Microbiological examination of nonsterile products is the testing of pharmaceutical preparations, healthcare products, and similar materials that are not required to be sterile—but must still meet defined microbiological quality standards—to ensure they are safe for their intended use. This includes oral dosage forms (tablets, capsules, liquids), topical preparations, transdermal patches, inhalation products, herbal remedies, and dietary supplements.
The primary tests performed include the Total Aerobic Microbial Count (TAMC), Total Combined Yeast and Mold Count (TYMC), and tests for the presence of specified indicator organisms. Testing follows USP <61>, <62>, and <1111> (United States Pharmacopeia) and Ph. Eur. 5.1.4 / 2.6.12, 2.6.13 (European Pharmacopeia) across the pharmaceutical, nutraceutical, and personal care industries.
Regulatory Framework
| Standard | Scope |
| USP <61> | Microbiological examination—tests for TAMC and TYMC |
| USP <62> | Tests for specified microorganisms (pathogens) |
| USP <1111> | Microbiological examination—acceptance criteria |
| Ph. Eur. 2.6.12 | Microbial examination of nonsterile products (TAMC/TYMC) |
| Ph. Eur. 2.6.13 | Test for specified microorganisms |
| ISO 17516 | Microbiological limits for cosmetics |
| 21 CFR 211.113 | FDA current GMP requirements for microbiological testing |
Total Aerobic Microbial Count (TAMC)
The TAMC measures the total number of viable aerobic bacteria per gram or milliliter of product. Test methods include:
Membrane Filtration
The sample (dissolved or suspended) is filtered through a 0.45 µm membrane filter that retains microorganisms. The membrane is placed on selective agar medium and incubated. Colonies are counted after incubation. Preferred for products with low microbial counts or antimicrobial activity that must be washed away before counting.

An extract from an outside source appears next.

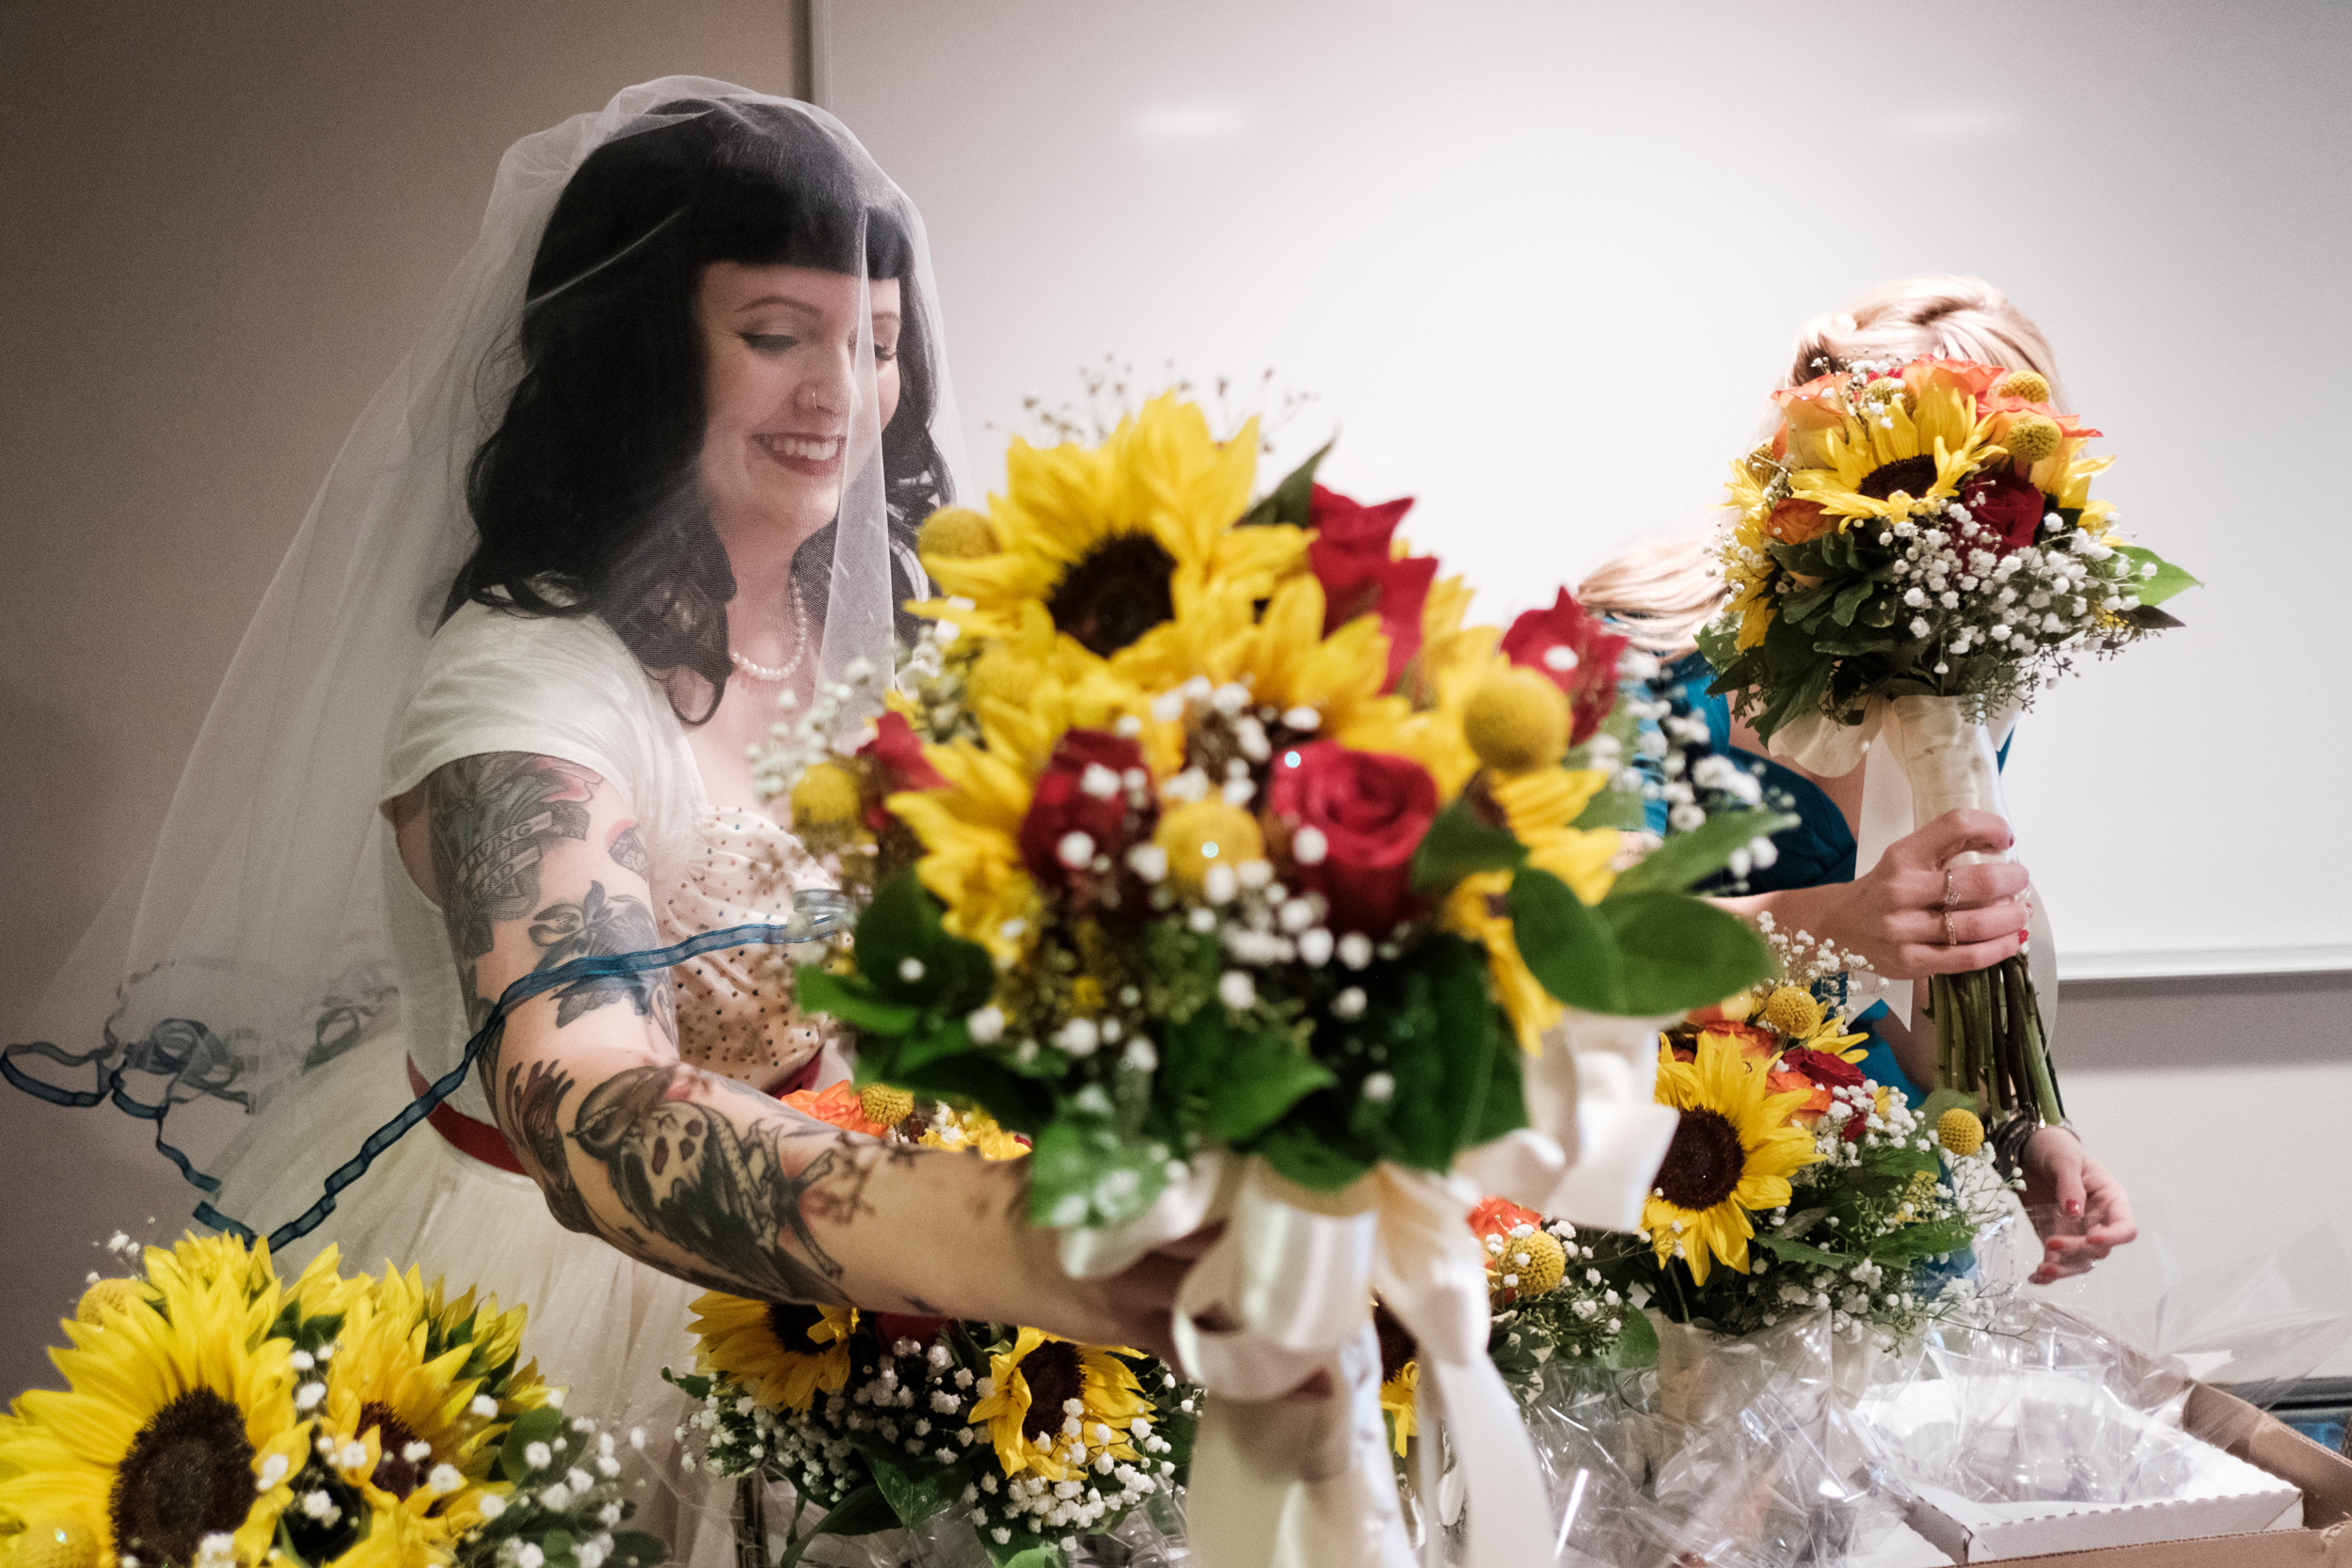 Christian & Sarah wedding photography by Brian milo-148.jpg

Pour Plate and Surface Spread Plate Methods
The sample is diluted and either mixed into molten agar (pour plate) or spread onto the agar surface. After incubation, colonies are counted. Simpler than membrane filtration; less sensitive for low-count samples.
Most Probable Number (MPN) Method
A liquid dilution method for samples where plating methods are impractical. Turbidity in serial dilutions indicates microbial growth; statistical tables convert the pattern of growth to an estimated cell count.
Total Combined Yeast and Mold Count (TYMC)
Similar methods to TAMC but using selective media for yeast and mold growth (Sabouraud Dextrose Agar, DRBC agar). Incubation at 20–25°C for 5–7 days allows fungal growth.
Tests for Specified Microorganisms (USP <62>)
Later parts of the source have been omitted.